# Eibach Pro-Kit



## mirage (Sep 5, 2002)

Hey guys. I just ordered the Eibach Pro-Kit lowering spring set. The Eibach FAQ said that they could be used in conjunction with stock shock assemblies. I'm on a budget and can't really afford aftermarket shocks yet anyway. Should i wait until i get shocks to install the springs? The NPM said they ran into trouble with suspension travel in their 200sx. Would i be riding my bumpstops? thanks


----------



## zeno (Sep 17, 2002)

Convential wisdom goes that you should wait till you can afford upgraded shocks before you install springs. You will be able to go w/ performance springs and stock shocks for awhile but I would not recommend it for an extended period of time.

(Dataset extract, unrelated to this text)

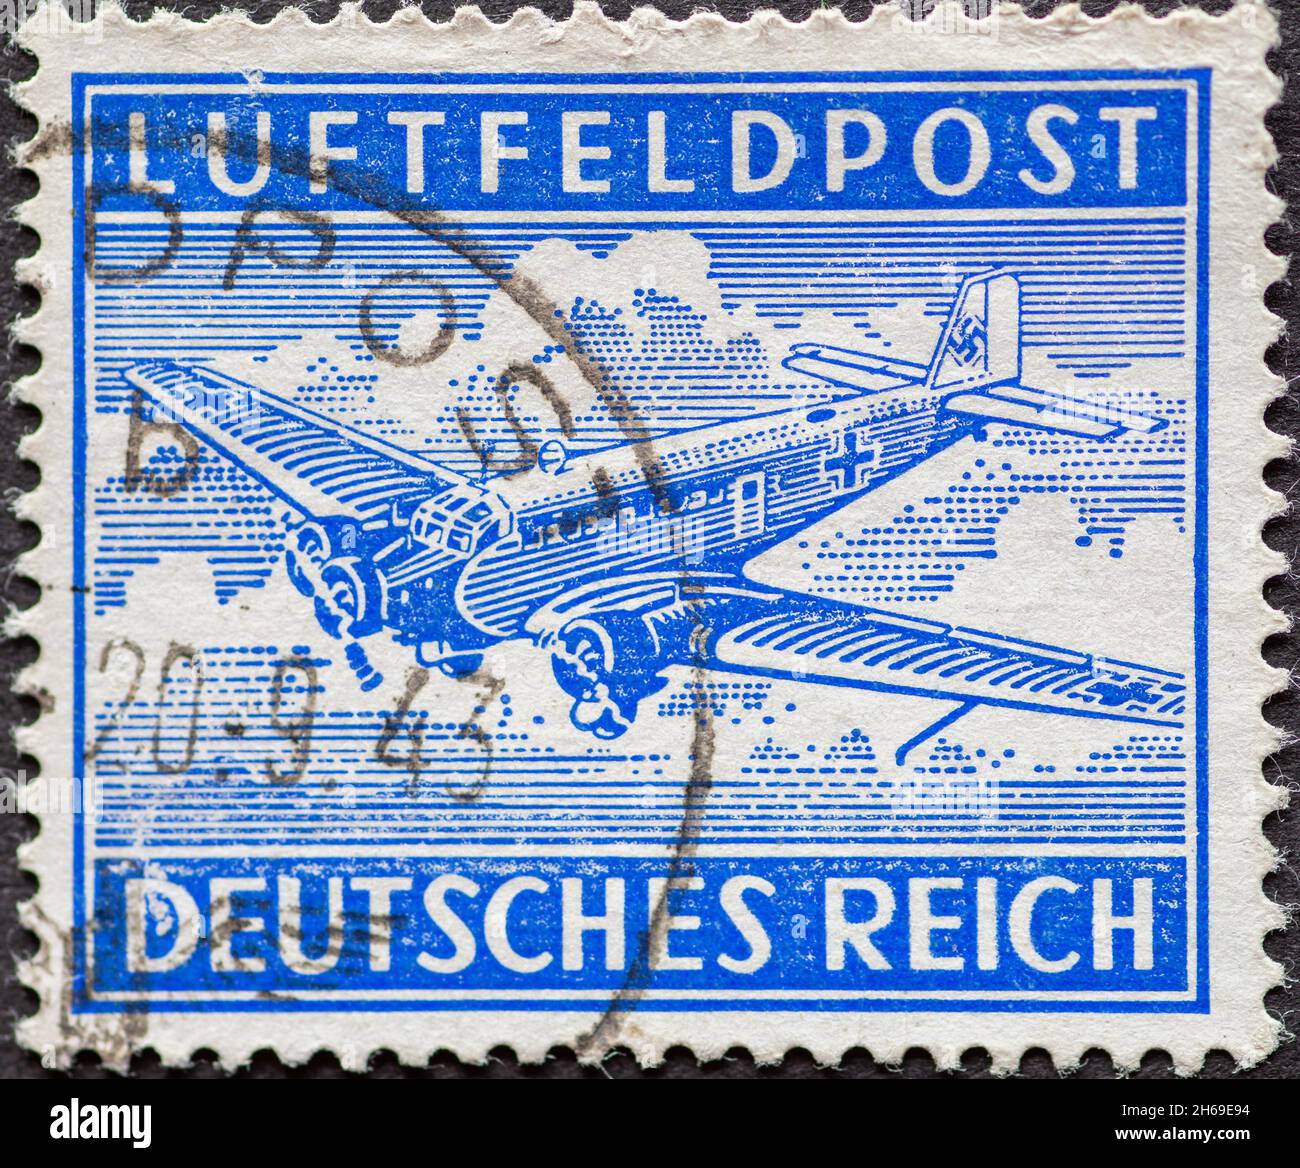 ALLEMAGNE - VERS 1942: Timbre-poste de l'Allemagne, pour le Feldpost (poste de guerre) via poste aérien montrant l'avion Junkers 52 en bleu Banque D'Images

Info. directly from Kojima's garage:


> If you are using high performance springs, try to wait until you can afford the shocks also. Performance springs store more potential energy when they are compressed. They need a shock with more rebound damping to keep the car from bouncing all over the place after you hit a bump. Really good shocks like Koni or KYB AGX’s’s are adjustable so you can tune your shocks to the springs. Performance springs with stock shocks usually feel floaty on high speed undulations. I find that that feels a little spooky. Performance spring’s quicker rebound characteristics also seems to wear out stock shocks quickly making them get super floaty. I prefer KYB AGX’s because of their easy adjustably (Koni’s require removal from the car to adjust them) and durability. Tokico’s are inexpensive but don’t last as long. They also seem to have too much compression damping and not enough rebound in my opinion so they are harsh but floaty.


----------



## mirage (Sep 5, 2002)

will i actually lose suspension travel? i don't know if i'm reading right but if the springs drop the car 1.4" and the total suspension travel is 1.5" then i would only have 0.1" of travel left... or do the shocks come slightly shorter? also, how do camber plates affect travel? on my old mitsu boards they didn't recommend using camber plates unless you passed the 1.5" drop.


----------



## javierb14 (Jul 9, 2002)

i believe u get an inch more travel with the rear mounts made by motivational engineering

http://www.motivational.net/


----------



## Ninety-Nine SE-L (May 5, 2002)

ok, I have prokits and here's what I did. I put the prokits on around june or july onto my existing stock setup. You can use stock dampers for a short period however keep in mind, it will be a pretty rough ride, the stock shocks will eventually give out since they are out of normal range, and bottoming out is a certainty.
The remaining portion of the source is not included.